43. Gravity: Not what it seems
Thus the planets orbiting the Sun are not being pulled by the Sun; they
are following the curved space-time deformation caused by the Sun.
The reason the planets never fall into the Sun is because of the speed
at which they are travelling.
According to the theory, matter and energy distort space-time, curving
it around themselves. Frame dragging theoretically occurs when the
rotation of a large body twists nearby space and time.
It is this second part of Einstein's theory that the NASA mission has yet
to corroborate.
44. Einstein’s Relativity
Einstein's Theory of Relativity is mostly
known for it’s assertion that time travel is
possible, but in reality this theory
encompasses much more.
The theory itself is actually split into
Special Relativity and General Relativity.
45. Special Relativity
Special Relativity is based upon two postulates:
The laws of physics are the same for all observers in
uniform motion relative to one another.
The speed of light in a vacuum is the same for all
observers, regardless of their relative motion or of the
motion of the source of the light.
46. General Relativity
General Relativity is the geometric theory of gravitation put
out to argue against Newton’s Law of Universal Gravitation.

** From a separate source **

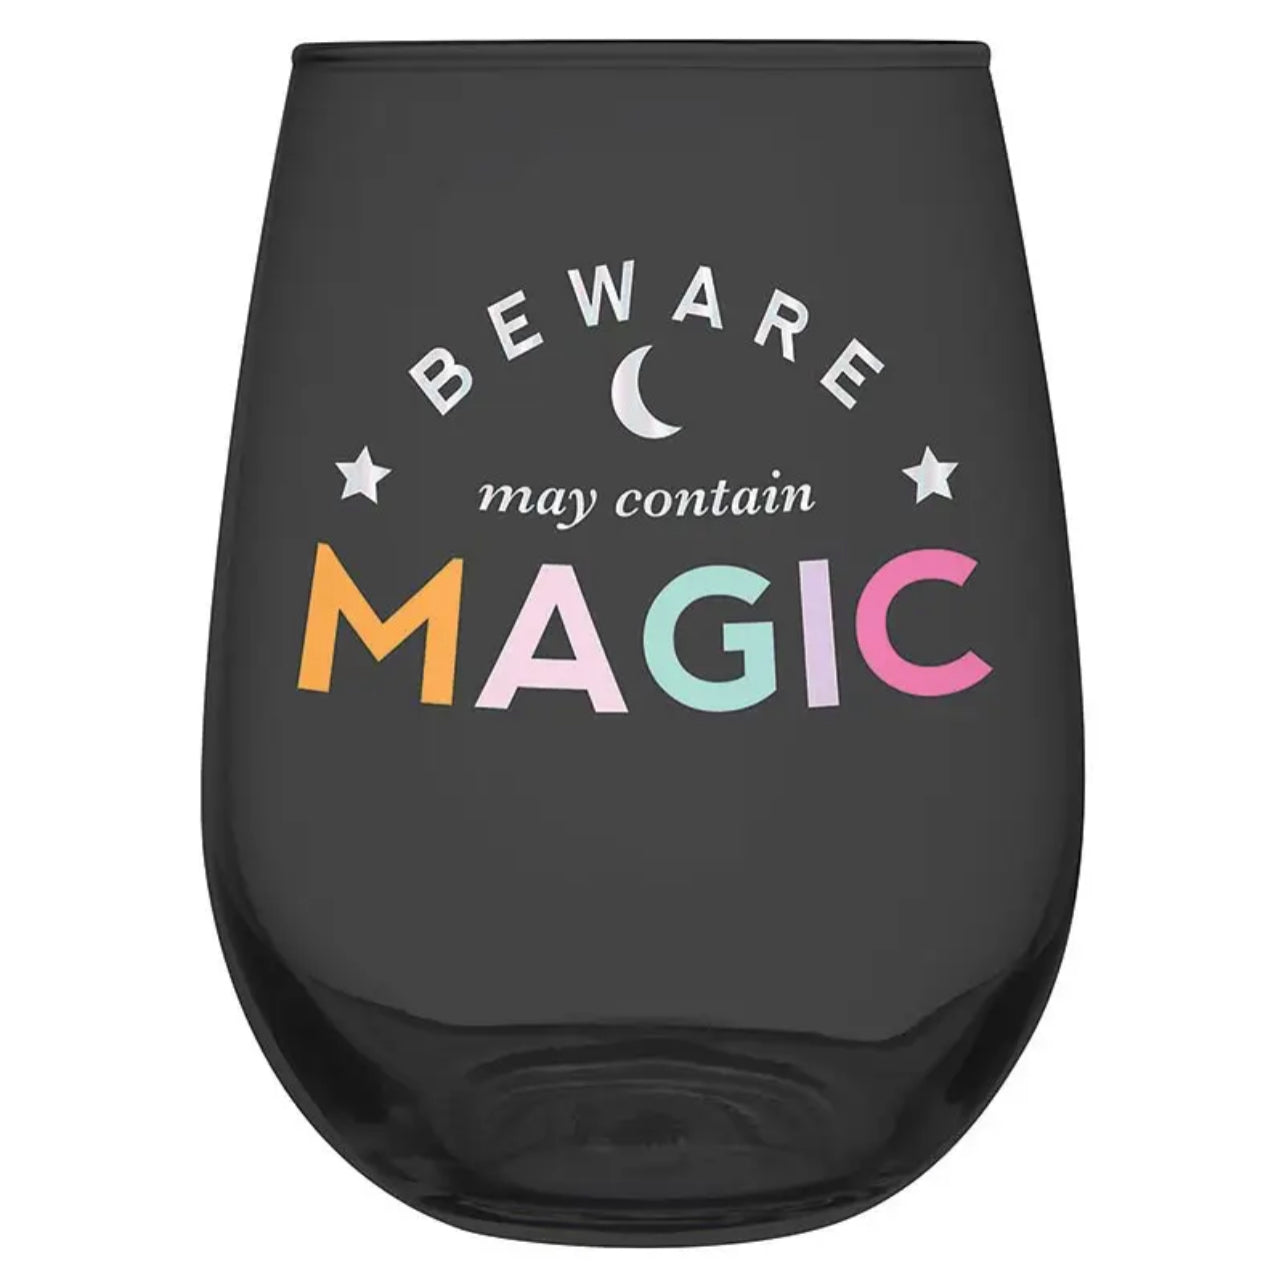 black stemless wine glass featuring a moon and stars and writing that says "beware may contain magic"

Newton’s law was based on the idea that gravity could move
faster than the speed of light, which Einstein obviously
found to be false.
Consequently, Einstein stated that gravity is instead a
property of the geometry of space and time, also called
spacetime.
47. Conclusion
We know little about the world we live in. The
amount of questions we haven’t been able to
answer is far more than we have.
We are an infinitesimally small part of a universe
bigger than we can imagine.
There are many phenomenon's that are beyond our
capability to understand, but we’ll never stop
trying.
Our journey may be long and hard, but our
curiosity will drive us to the truth.